In essence, through file validation, we check whether the format of a file is proper and correct—whether it is valid. Hence, through file format validation, we can check whether a file conforms to the file format specification—standards a specific file format such as .jpg, .doc., or TIFF must follow. As an illustration, file format validation could be compared to the inspection of boxes or folders in a physical archive to ensure they are not damaged, otherwise items could fall out or be damaged.

In digital archiving, file format validation is particularly important for long-term preservation and access, for a number of reasons. Files with formats that are not valid are difficult to manage over time, especially when a file needs to be converted or migrated. Moreover, access might become difficult or impossible, as files with nonconforming formats become more difficult to open and use over time. Finally, files that are not valid will be more difficult—if not impossible—to render properly by future software.
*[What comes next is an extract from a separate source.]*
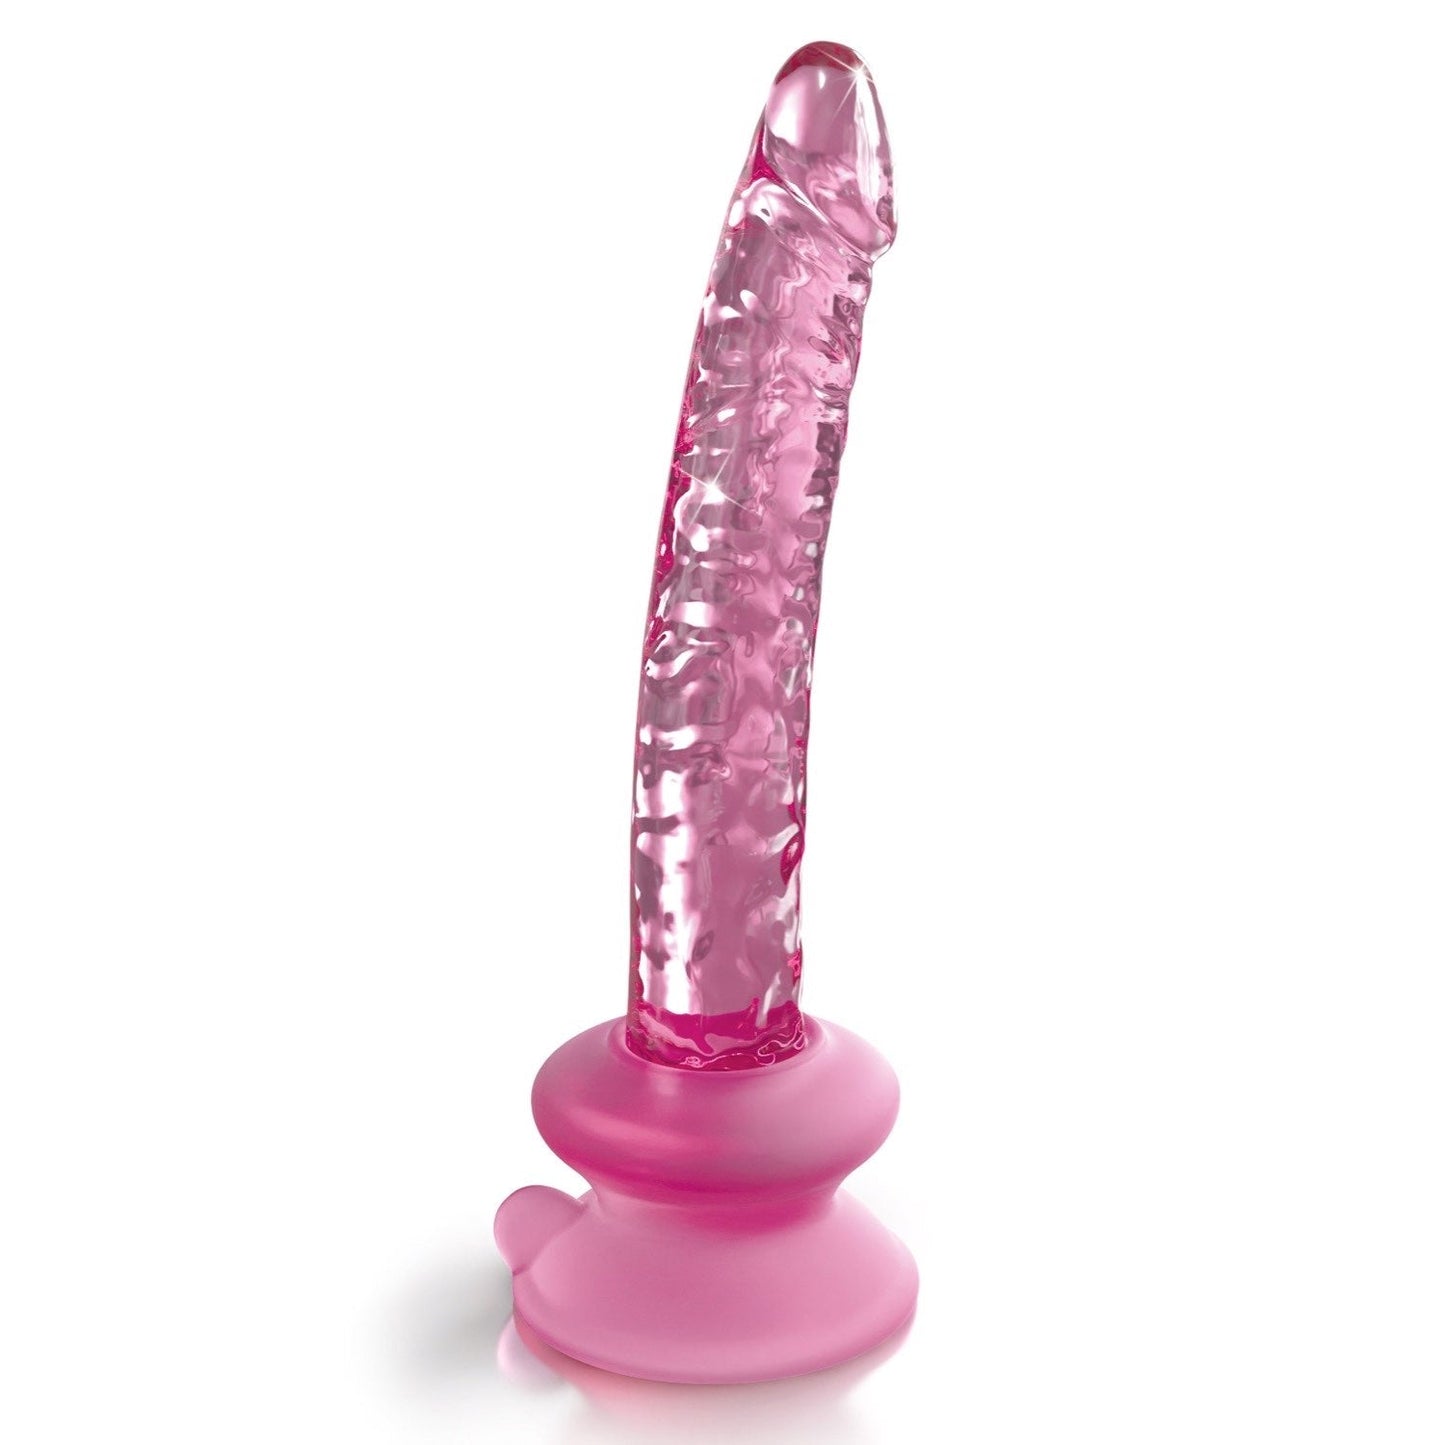 No. 86 - Pink 17 cm Glass Dong with Suction Base

Of course, we do not manually inspect whether a file format conforms to its specifications; there is software available to perform that function and identify and create reports on the files that are found not to be valid. We already mentioned one such software tool—JHOVE—in the chapter on quality control at the end of the digitization process, but there are also other tools, most of which are specialized for a certain group of formats.

TIP!	Preservation Actions Should Immediately Follow Digitization File format validation and other preservation actions, along with the quality control procedures, should be performed immediately at the end of the digitization process either as an alternative or in addition to conducting them as part of the preparations for ingest, depending on a project’s specific needs and workflow.

Fixity

Fixity, a crucial element of the long-term preservation of files as well as in maintaining their integrity, authenticity, and usability, means a state of being unchanged or permanent. In essence, fixity allows us to determine whether a file has been altered or corrupted over time and to track and record any such changes.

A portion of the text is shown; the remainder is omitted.